PBFT prioritizes “safety” and does not have forks. Nakamoto consensus in Bitcoin prioritized liveliness over safety, making it fork-ful. Forks, or branches, occur when the network has not reached strong consensus but still chooses to build blocks (soft commit transactions), hoping that one of the branches will eventually be finalized by a super majority of the network. Even under honest participants branches occur due to latency delays of the network or bugs in client implementations. Remember that blockchains have no god-mode of overall state at any point in time. Updates from each validator needs to be gossiped throughout the network, which takes time. Shorter the block formation time window, higher the likelihood of branches.
Branches of a block chain tree:
A Fork-Choice-Rule is a function GetHead*(Store) → Head* that given the local branch state, gives the head block. In the diagram above, the fork-choice resolves to block g. As the validator receives new votes it must run fork-choice-rule of a given protocol, which may lead to reorganizing and reverting to a different branch as the head to build on.

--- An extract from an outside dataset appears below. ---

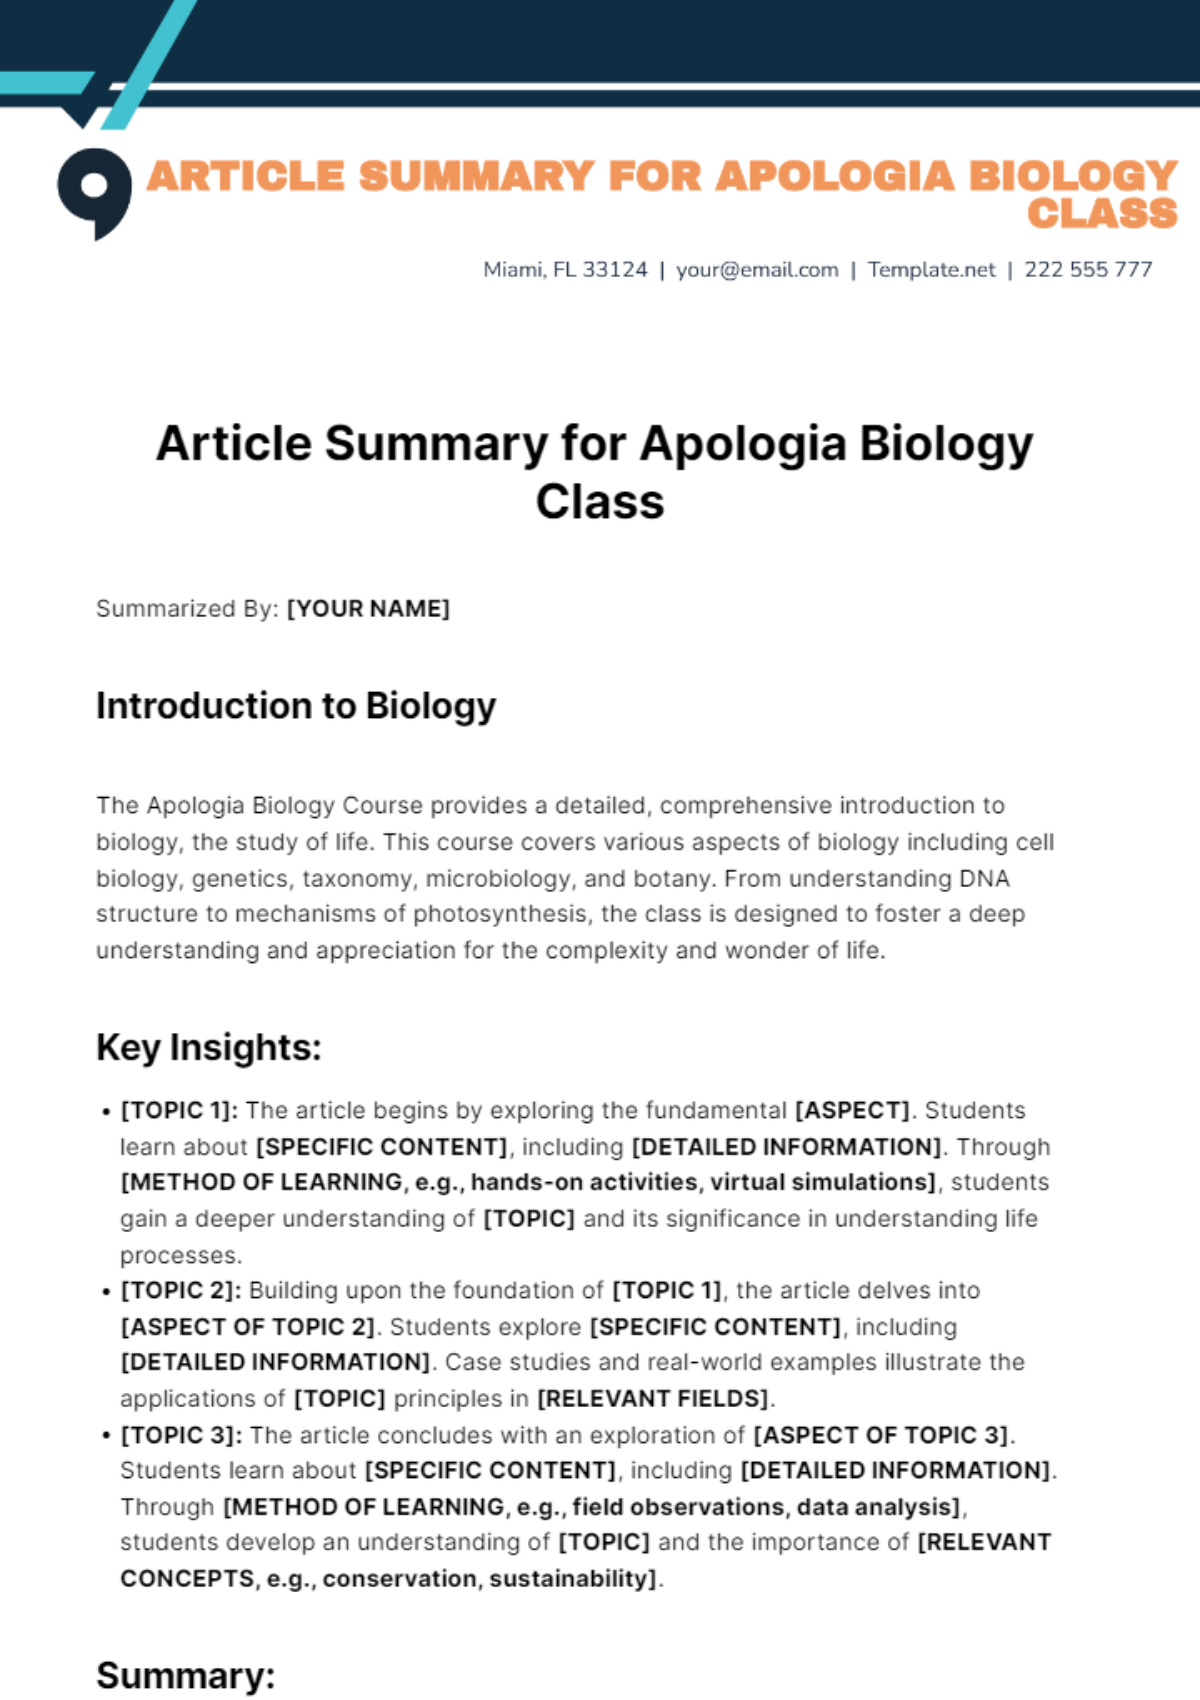 Free Article Summary for Apologia Biology Class Template

Ethereum’s balance of liveliness and safety is designed via a combination of two consensus protocols: LMD Ghost and Casper FFG, sometimes called Gasper. During each epoch a validator will make 2 distinct votes: an LMD Ghost vote and a Casper FFG vote.
GHOST Consensus
GHOST stands for “Greediest Heaviest Observed SubTree”, which is a similar concept to longest-chain in nakamoto consensus. LMD is a refinement and stands for Last Message Delivered. The LMD-GHOST algorithm is recursively selects the branch that has the highest cumulative stake voting for it as the canonical chain. The intuition is that building on a specific branch is a vote for all parents in that branch. This process occurs continuously as new attestations are made for each slot.
These parts of the local Store are relevant to the fork choice calculation:
- Block tree with block headers
- List of valid attestation messages from validators
- Validator’s balances, adjusted for each branch choice
Validators makes attestation once per epoch, with its vote for best head block after running fork-choice-rule over its local data. In attestation object, the GHOST vote is beacon_block_root field.
class AttestationData(Container):
slot: Slot
index: CommitteeIndex
beacon_block_root: Root
...
The fork choice rule as explained in a post.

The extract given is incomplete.